Data segment.
_ _ _ _
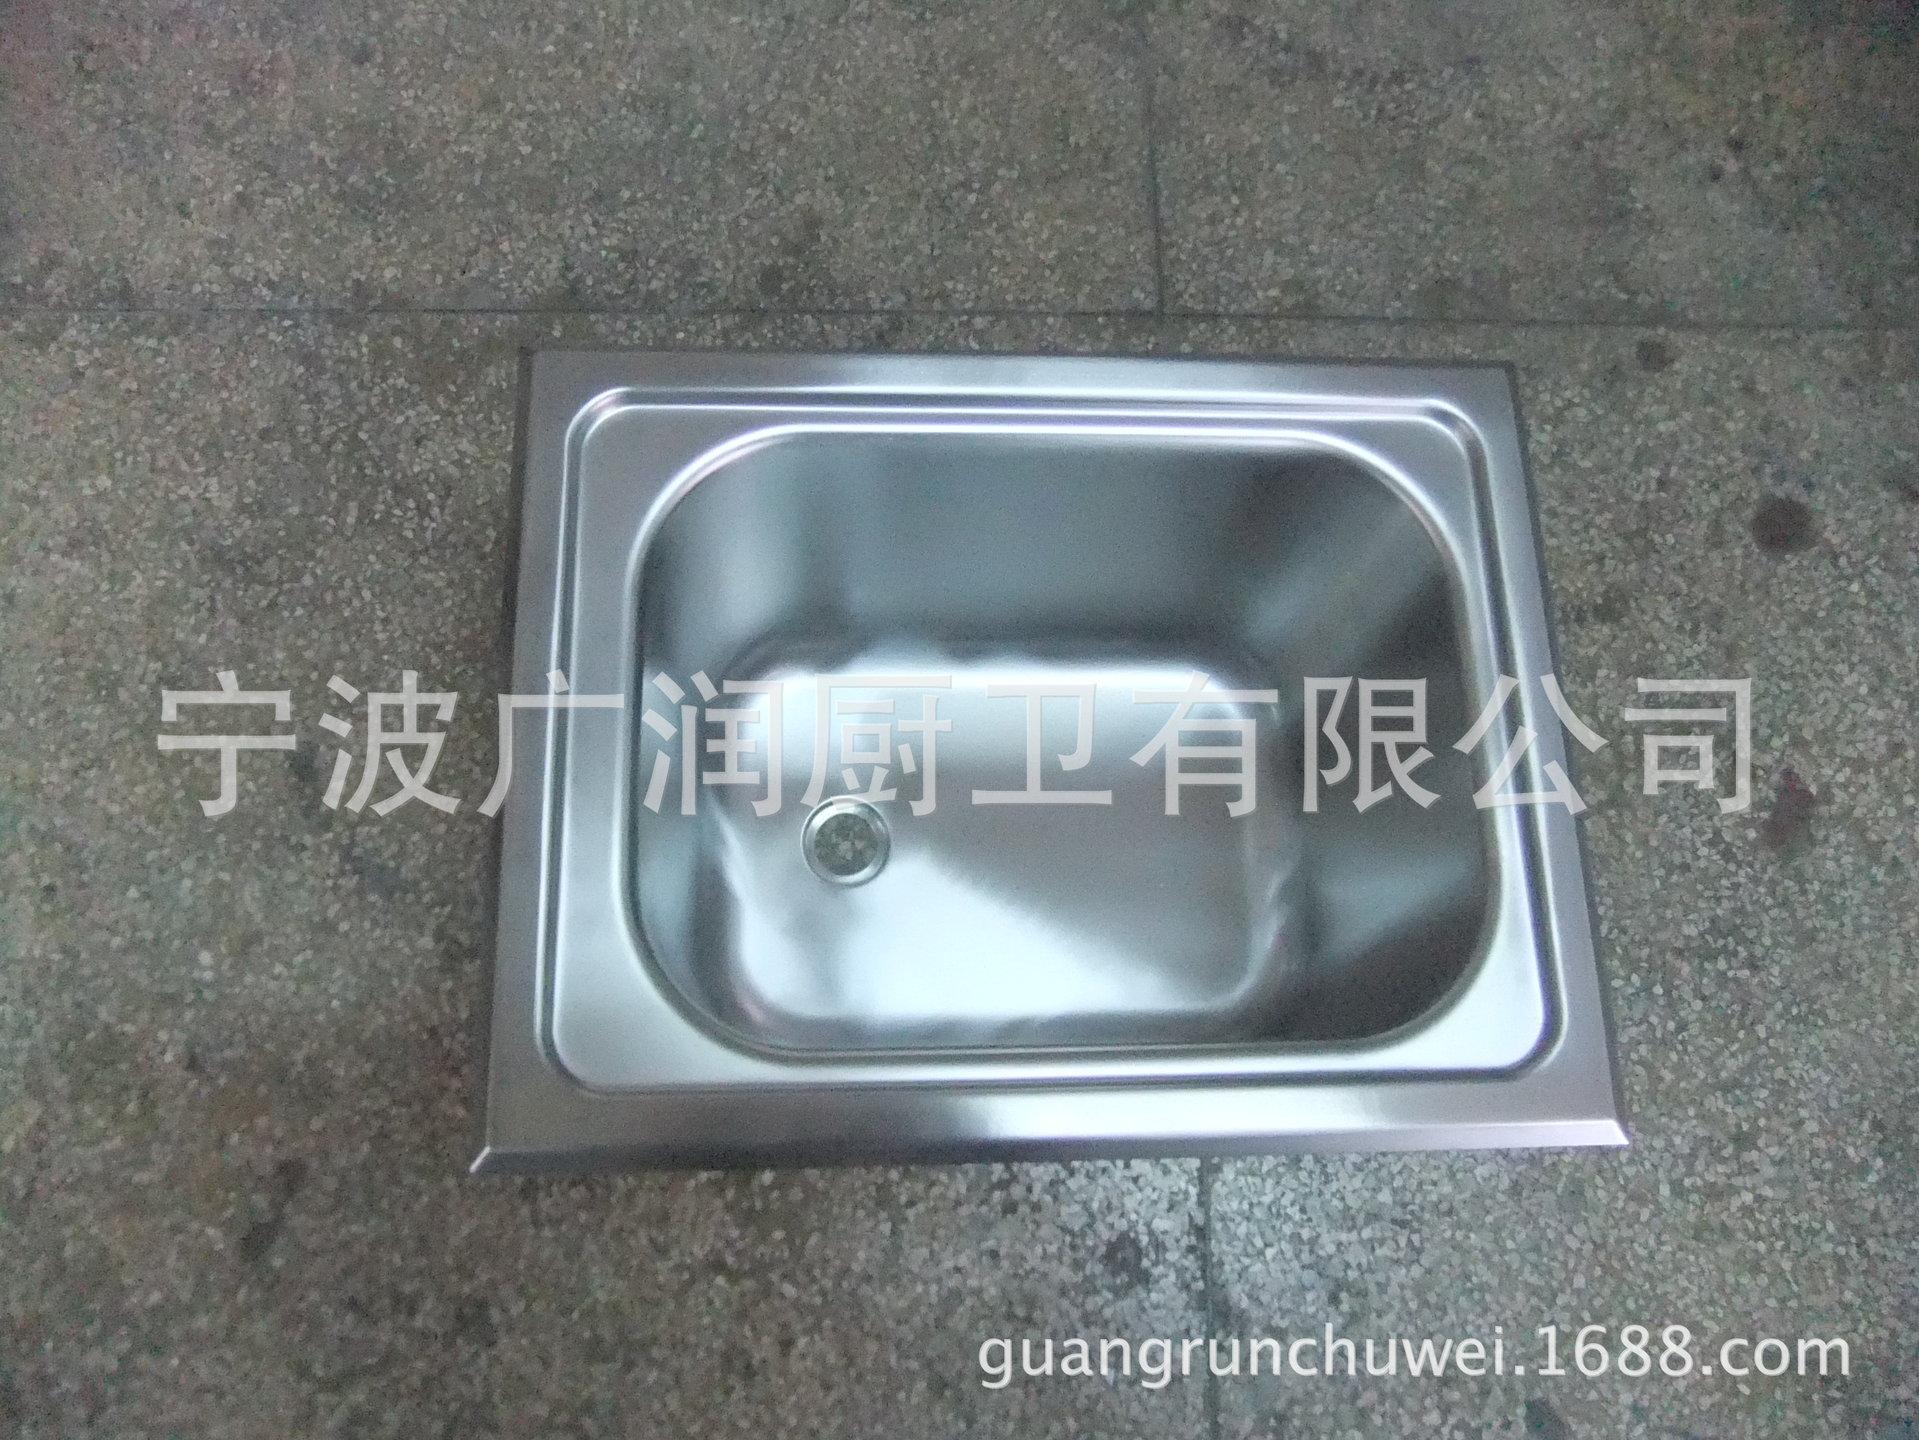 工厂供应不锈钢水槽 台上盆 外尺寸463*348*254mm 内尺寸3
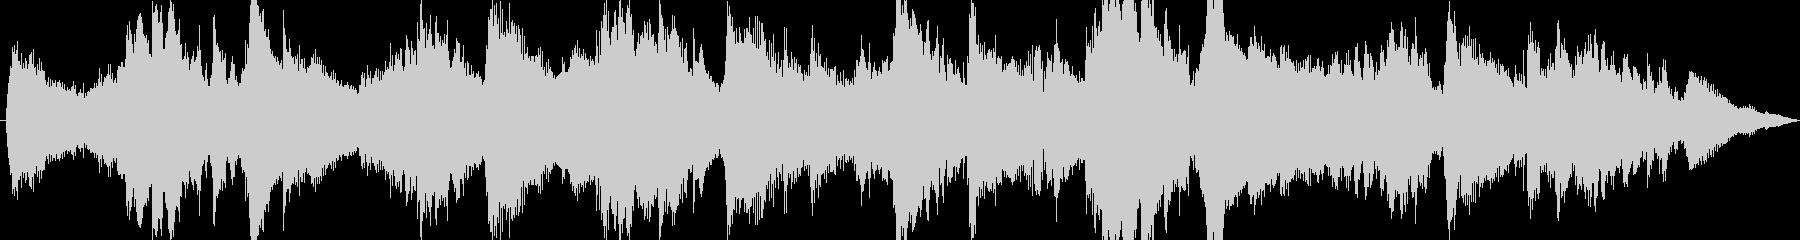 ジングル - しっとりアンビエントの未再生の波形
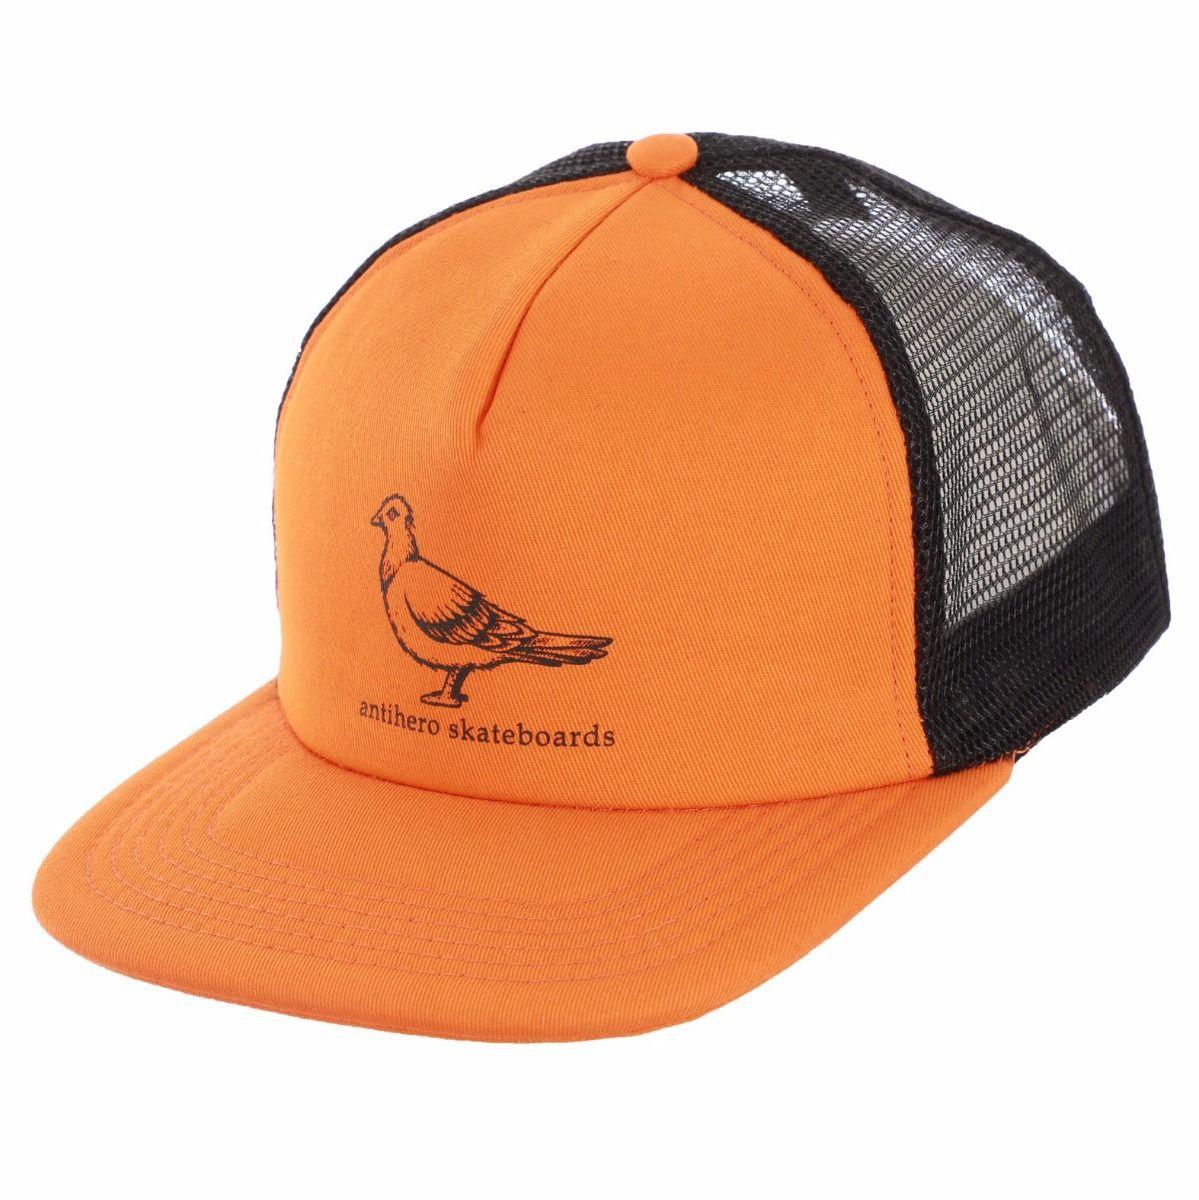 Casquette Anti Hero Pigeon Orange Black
_ _ _ _
Task requirements.
Working from the line with "ジングル - しっとりアンビエントの未再生の波形" to the last line of the material above, repeat each line exactly and leave out the pictures.

Response to this task.
 ジングル - しっとりアンビエントの未再生の波形
 Casquette Anti Hero Pigeon Orange Black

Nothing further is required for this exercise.